October 19, 2015 at 8:15 pm
Hi All.
I was asked to create a report on very large data. Below are the requirements. Any help would be greatly appreciated. Thanks.
We have a very large fact table with 100 millions of records. I will have to create a report on that table. I just created a query and it is taking more than an hour to retrieve Month's worth of data. As this report will be used by our customers, it should not take longer than 15 seconds. Would creating tables with precalculated values help improve the performance.
Thanks.
October 19, 2015 at 8:36 pm
Make sure you have a clustered index on "record date time" column.
Then selecting of a monthly range of records will work really fast, and the rest of conditions would apply to that small subset, so whatever they are they could not affect performance of the query.
_____________
Code for TallyGenerator
October 20, 2015 at 12:50 am
Sergiy (10/19/2015)
Make sure you have a clustered index on "record date time" column.
I would only re-create a clustered index if there isn't one already - any existing clustered index may well be critical to something else.
If a clustered index already exists then I would try creating a non-clustered index on "record date time" to improve the report
October 20, 2015 at 2:43 am
Table definitions, index definitions, query and actual execution plan please.
Gail Shaw
Microsoft Certified Master: SQL Server, MVP, M.Sc (Comp Sci)
SQL In The Wild: Discussions on DB performance with occasional diversions into recoverability
October 20, 2015 at 5:44 am
with 100 million rows your better off using a Columnstore index or moving the table to SSAS. If the report requires data on a monthly basis partitioning it by month could help improve the performance.

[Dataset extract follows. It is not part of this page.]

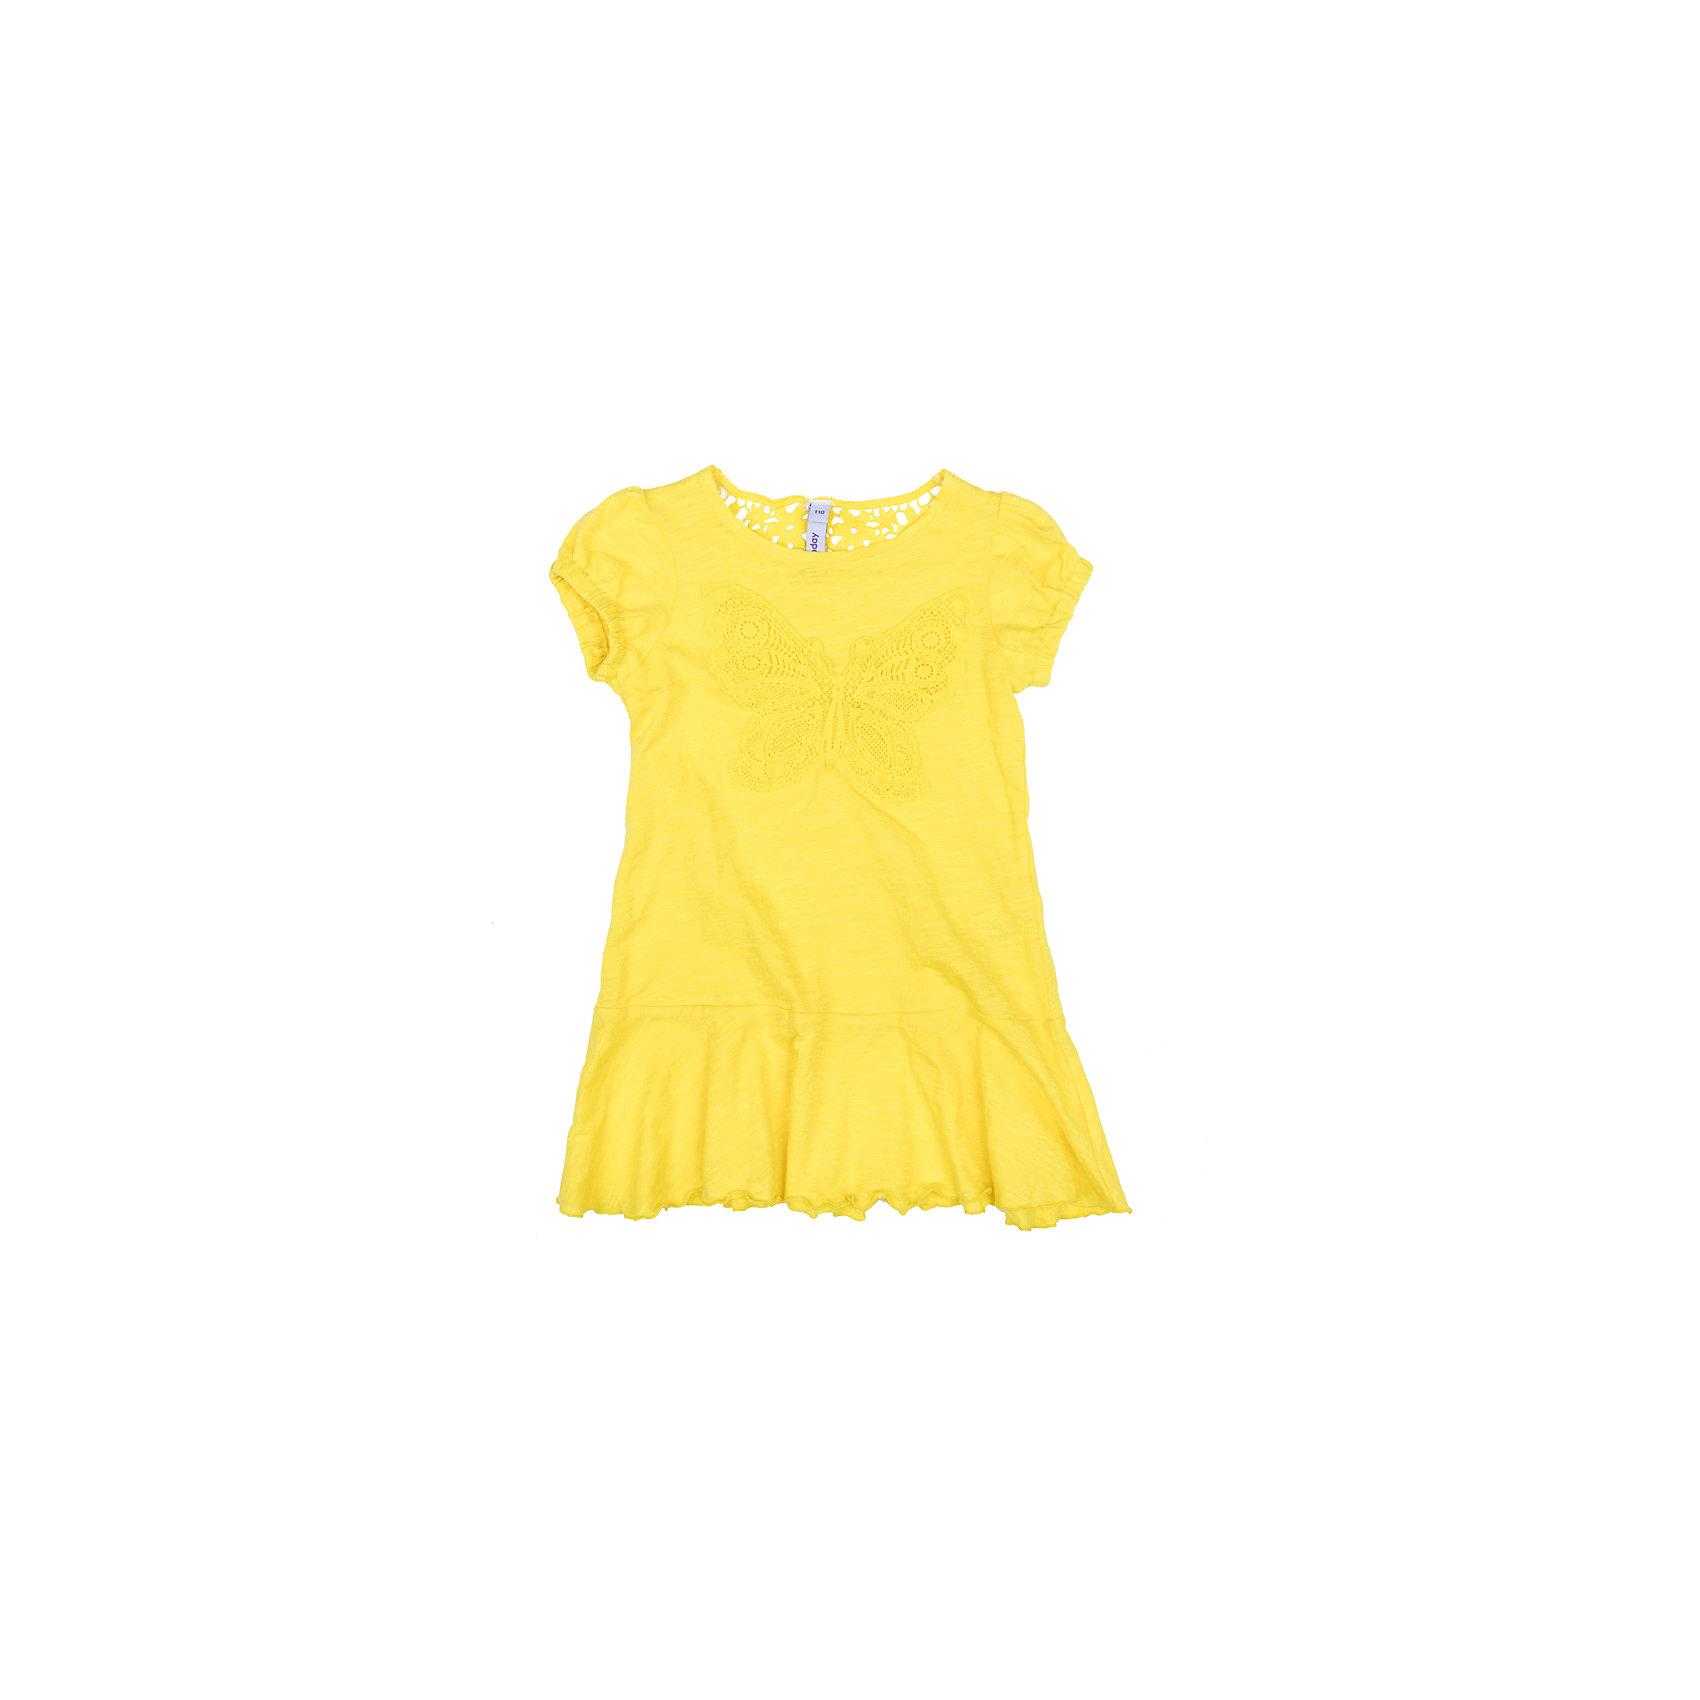 Платье для девочки PlayTodayПлатья и сарафаны<br>Платье для девочки PlayToday<br>Эффектное платье насыщенного цвета из натурального хлопка сможет быть прекрасным дополнением летнего детского гардероба. Модель с заниженной юбкой, на рукавах - фонариках мягкие резинки. Платье на спине декорированно эффектным шитьем, впереди - нежная аппликация.<br>Состав:<br>100% хлопок<br><br>Ширина мм: 236<br>Глубина мм: 16<br>Высота мм: 184<br>Вес г: 177<br>Цвет: желтый<br>Возраст от месяцев: 84<br>Возраст до месяцев: 96<br>Пол: Женский<br>Возраст: Детский<br>Размер: 128,98,104,110,116,122<br>SKU: 5404508

What you need to understand in this case is that most of the performance issue your facing is likely because of the massive IO of fetching data from disk , or aggregating large data sets (CPU issues), indexes help search for an eliminate unwanted rows, but if you still have millions of rows after the fact your will still face performance issues that require a suitable technology to be used.
Summary tables are a good solution but you will loose granularity and might need to create many different summaries at different grouping for different reports and this can become unmanageable over a period of time.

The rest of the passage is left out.